The IRS wants to use AI and machine learning to combat cyberthreats

And they're looking for industry input on what techniques already exist.
(Getty Images)

The IRS has its sights set on using artificial intelligence and machine learning to detect and respond to cyberthreats.

The agency, though it has some concept of what it’s looking for, has issued a request for information seeking input from industry on what kind of technology is already available in the marketplace. The RFI asks for responses with information on “artificial intelligence, machine learning, cognitive computing and data analytics techniques, algorithms, and capabilities” that might increase its capacity to combat both insider threats and cyberattacks from outside.
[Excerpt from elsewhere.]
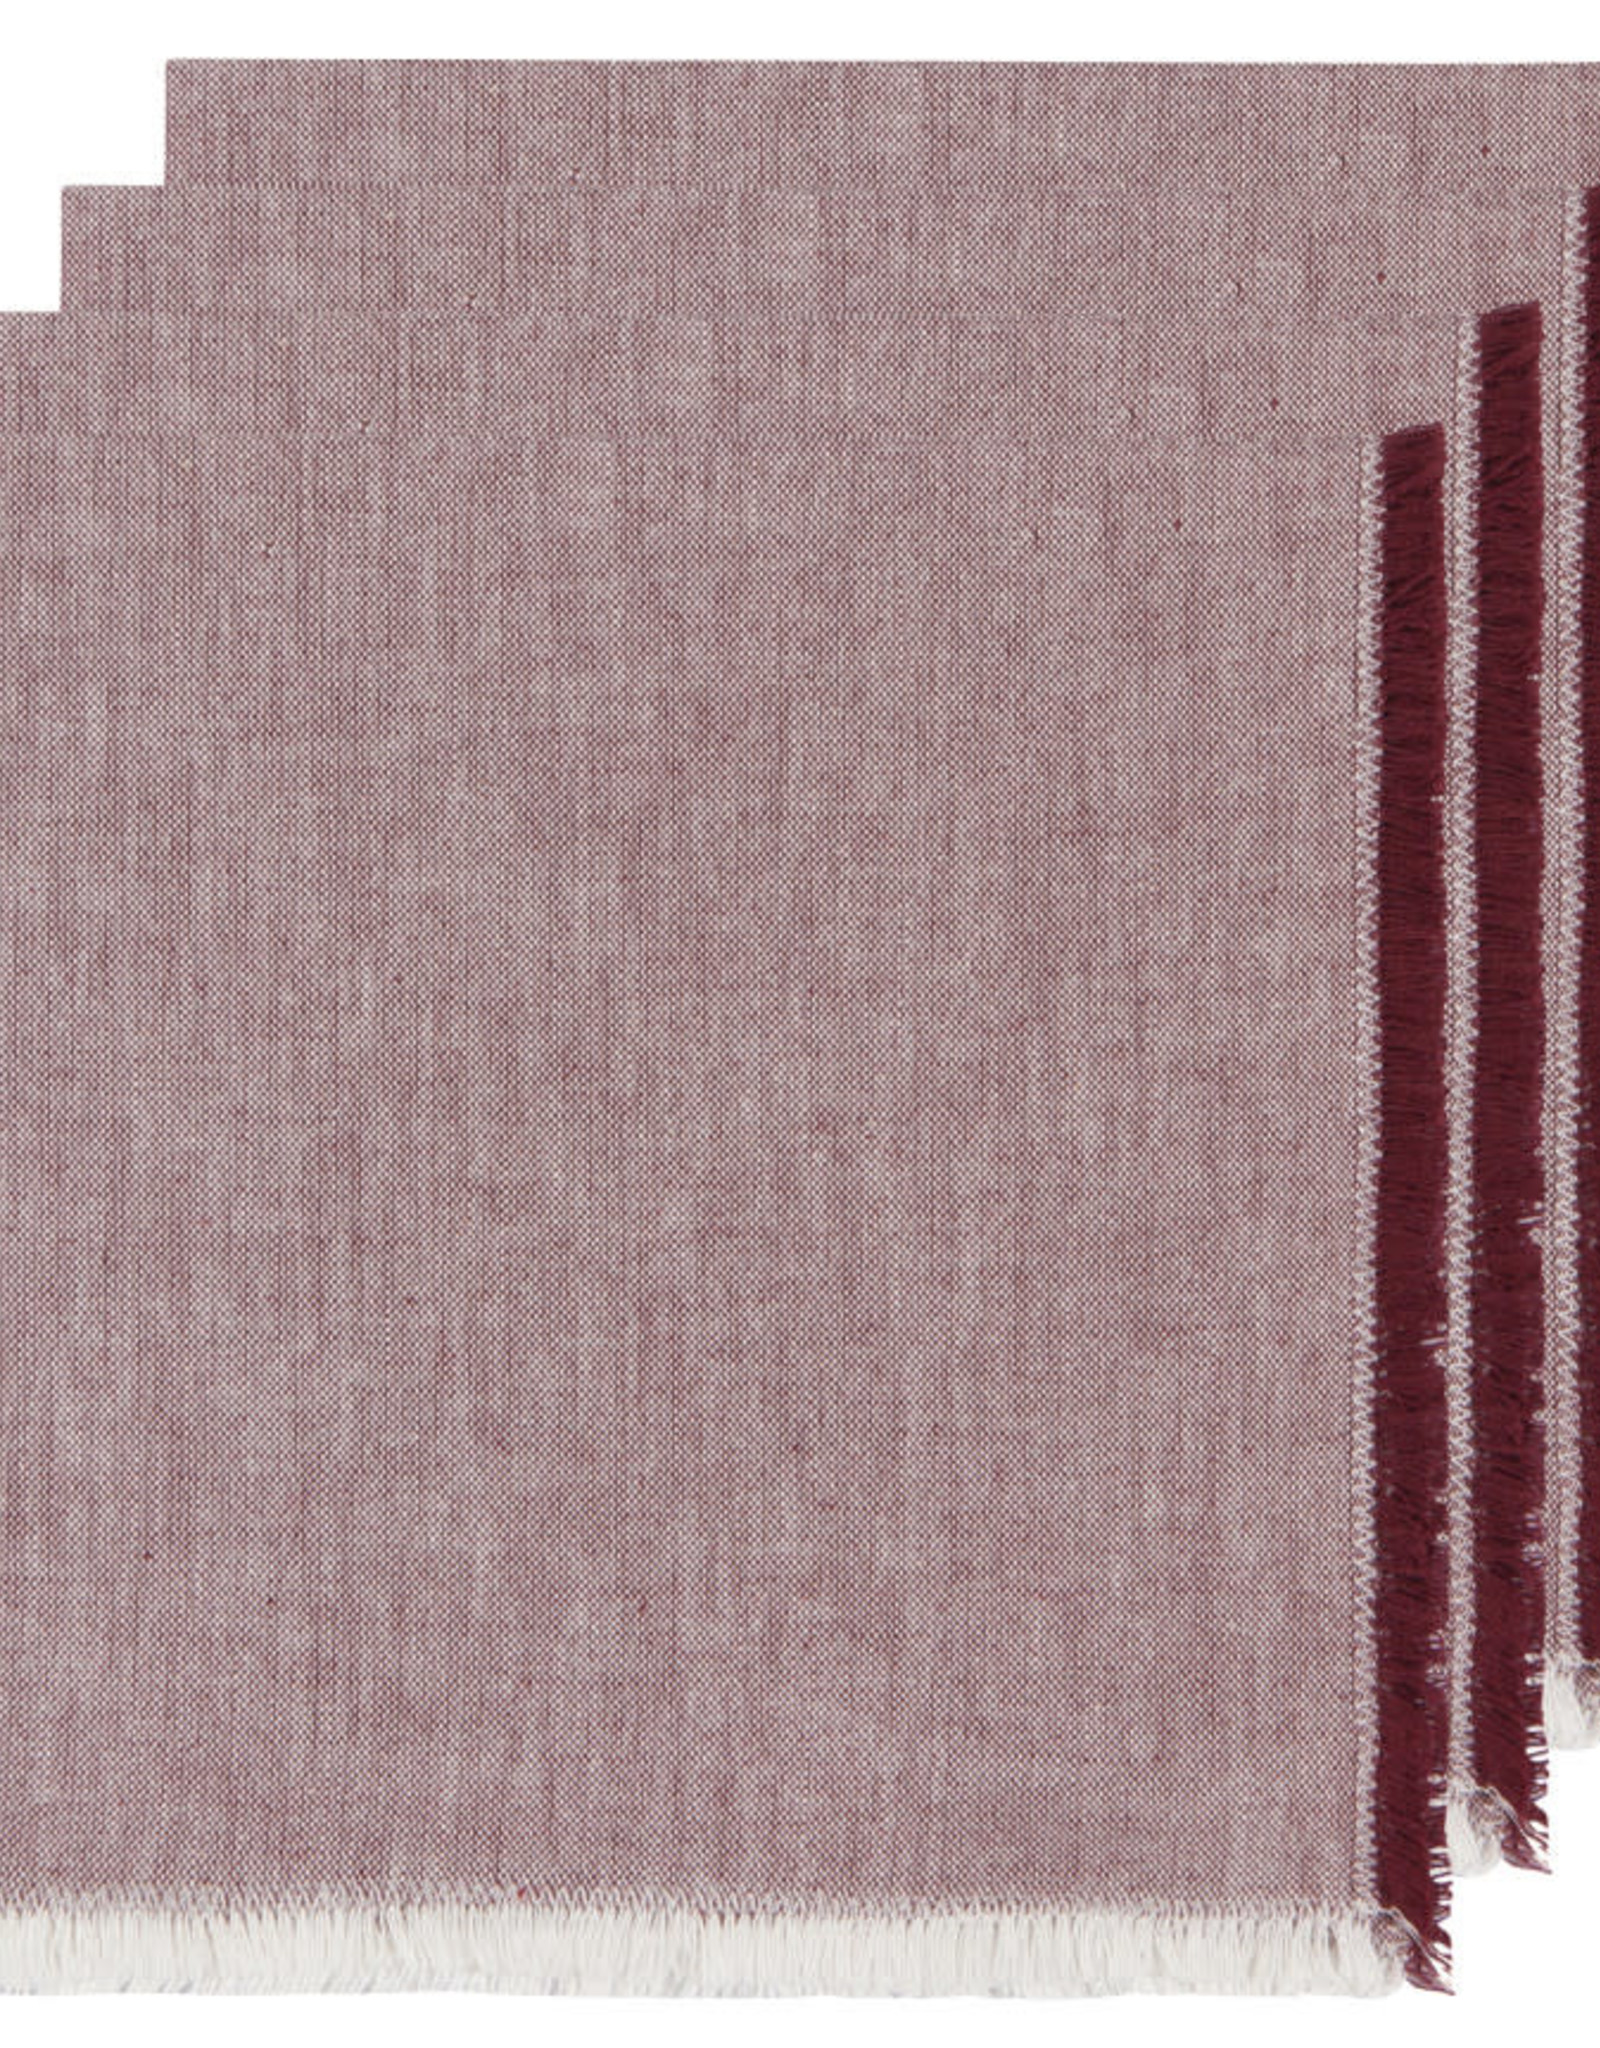 NOW DESIGNS NAPKIN CLOTH 18X18 INCH HEIRLOOM WINE PURPLE RED

Specifically, the RFI goes on to state, the IRS would like an AI platform that “automatically and continuously learns the environment(s), improving accuracy,” “identifies previously unknown threats and tracks entities over time” and more. An ideal system would also have an intuitive user interface and integrate well with existing IRS cybersecurity systems.

The results of the RFI will help mold any potential future acquisitions. Would-be industry respondents have until July 26 to get a word in.


There’s a fair amount of hype in industry about the promise that machine learning holds in the realm of cybersecurity — a computer, the reasoning goes, can learn a pattern and detect deviance from that pattern more swiftly than a human. Specifically in the case of insider threats, tracking “normal” and “abnormal” user behavior can be key to spotting any issues.